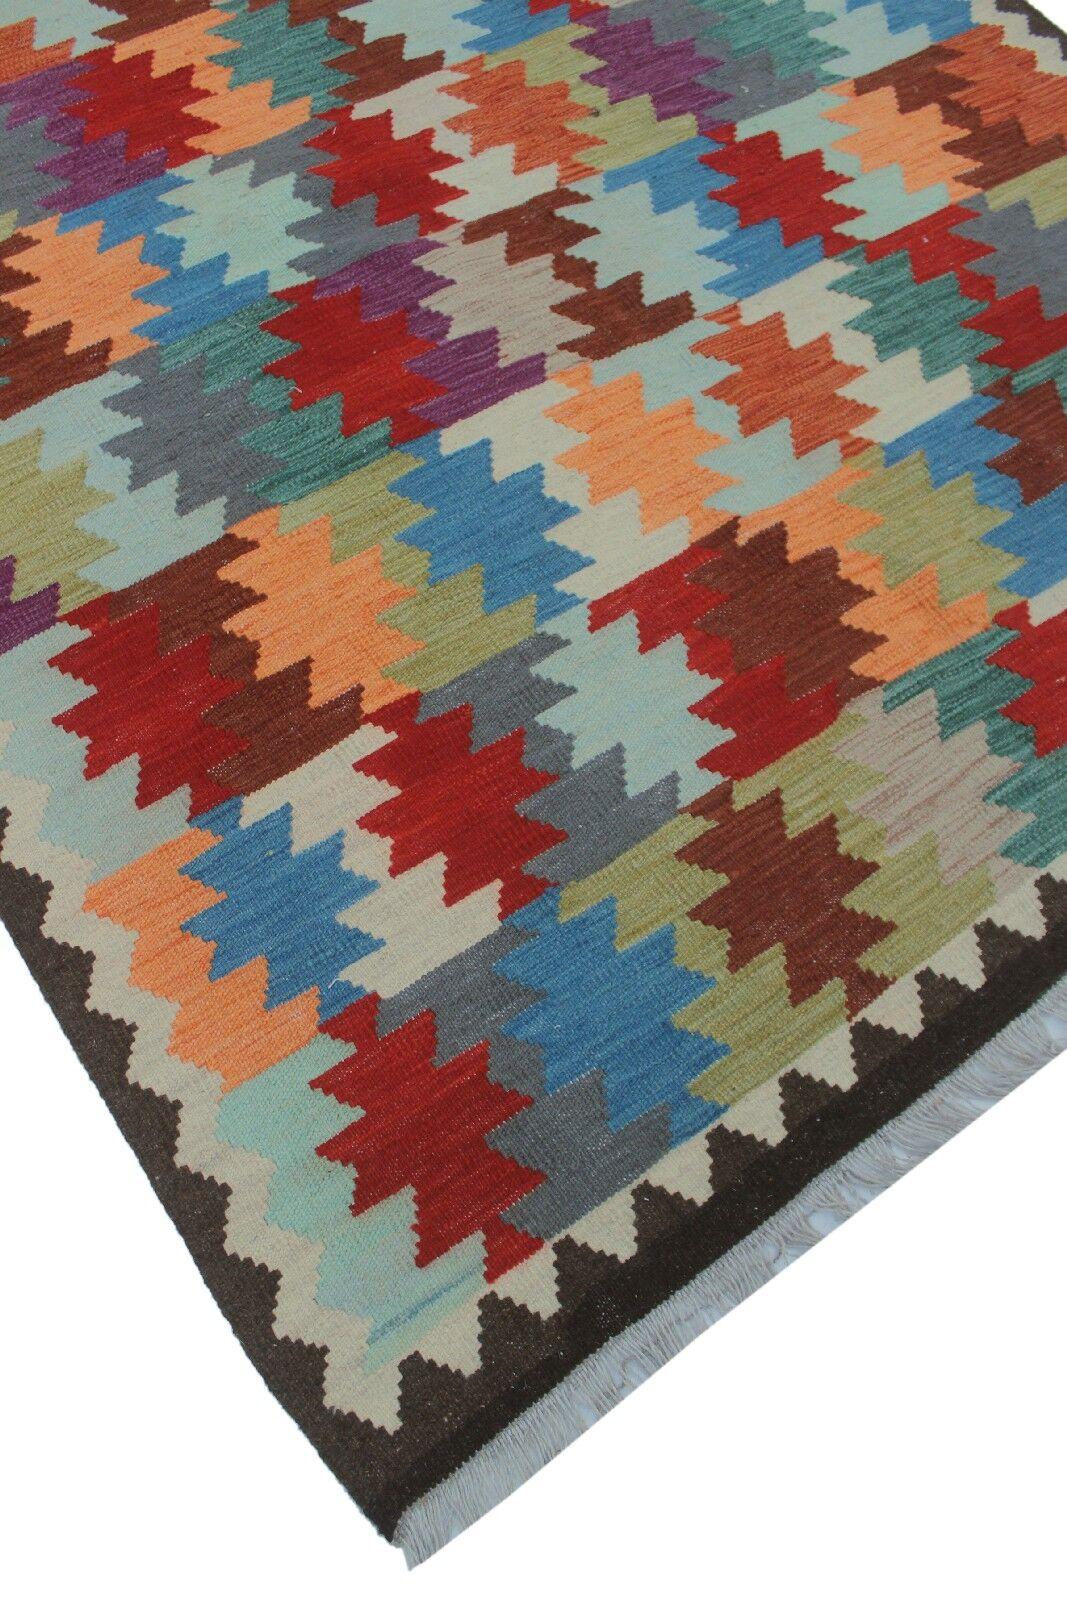 Rucker Kilim Hand Woven Wool Gray/Red Southwestern Area Rug
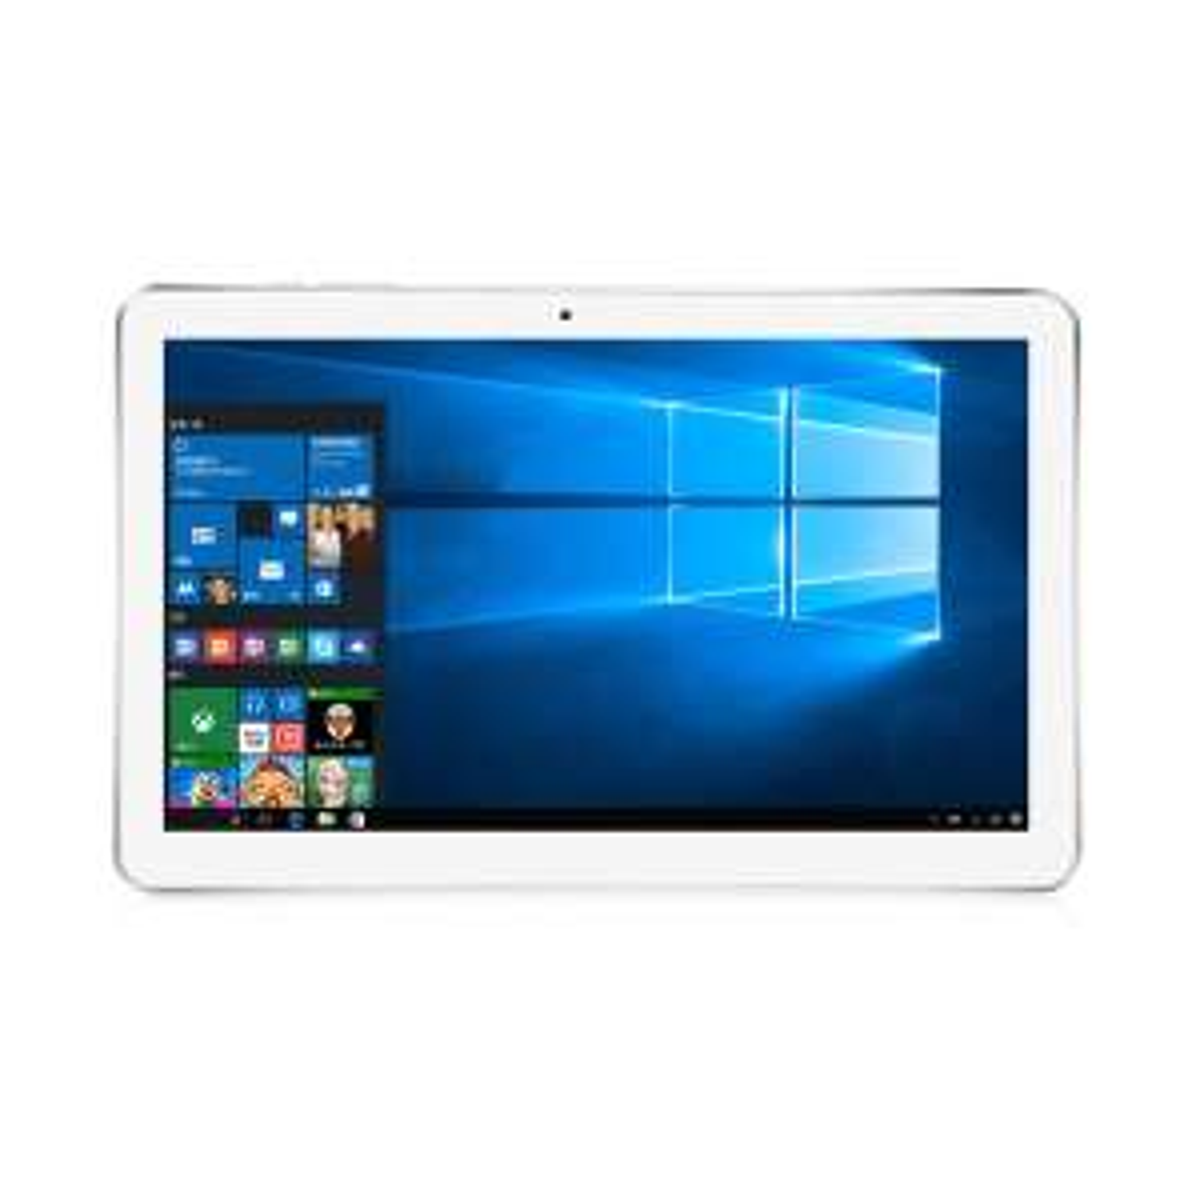 "Tablette 10,6"" Alldocube Mix Plus Dual Boot Android/Windows - 128Go de eMMC, 4Go de RAM, Intel 7Y30 (vendeur tiers)"
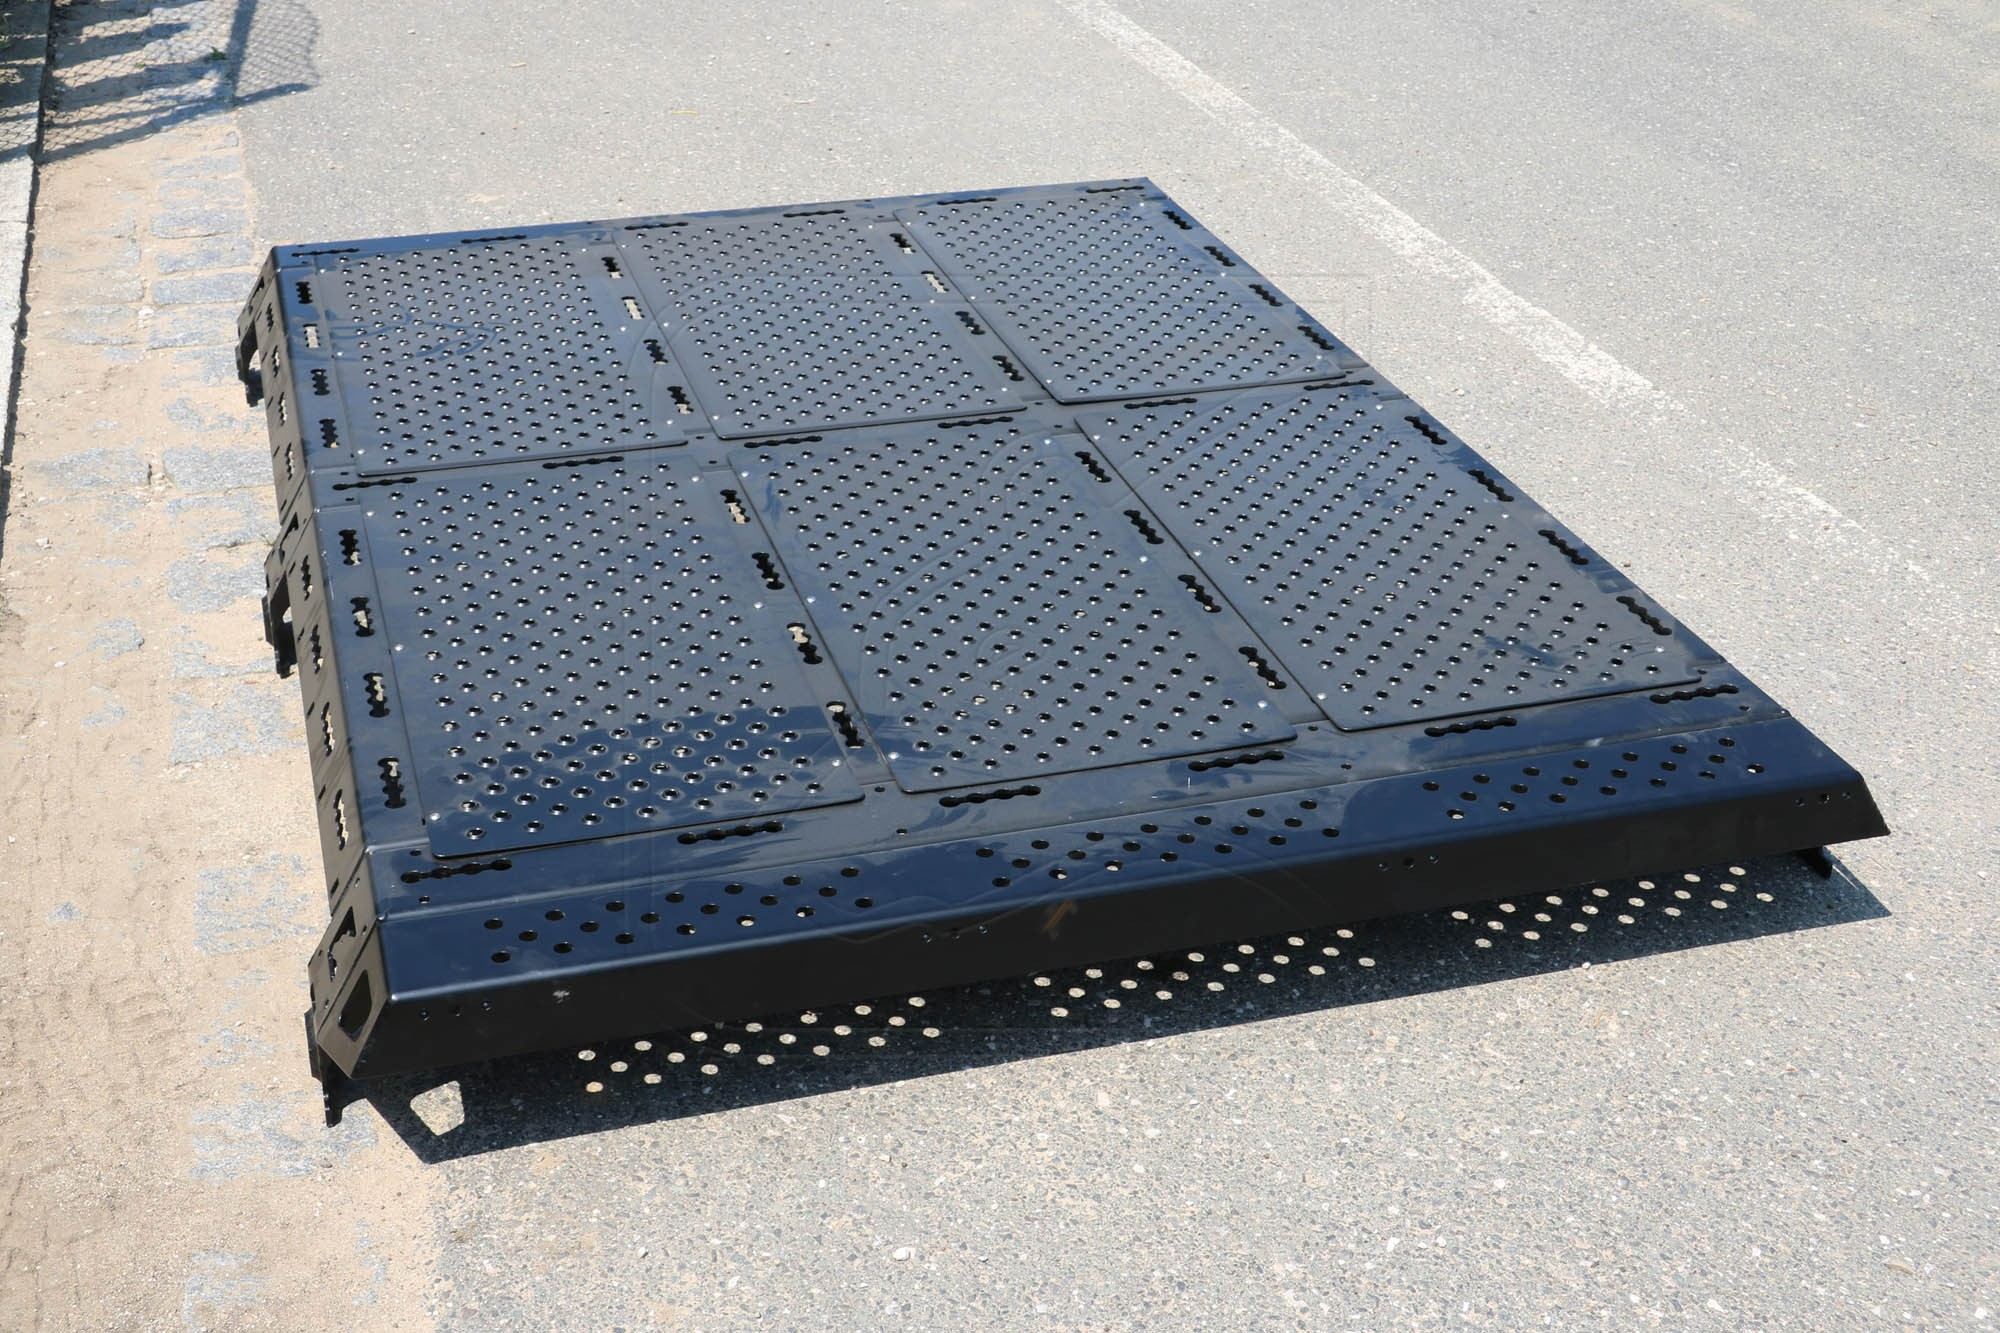 4x4 Outdoor Tuning Cargobear Modular Roof Rack For

* **WHAT THE TASK ASKS**:
Make an exact copy of all the material, but keep the pictures out of it.

* **YOUR RESPONSE**:
 Rucker Kilim Hand Woven Wool Gray/Red Southwestern Area Rug
 "Tablette 10,6"" Alldocube Mix Plus Dual Boot Android/Windows - 128Go de eMMC, 4Go de RAM, Intel 7Y30 (vendeur tiers)"
 4x4 Outdoor Tuning Cargobear Modular Roof Rack For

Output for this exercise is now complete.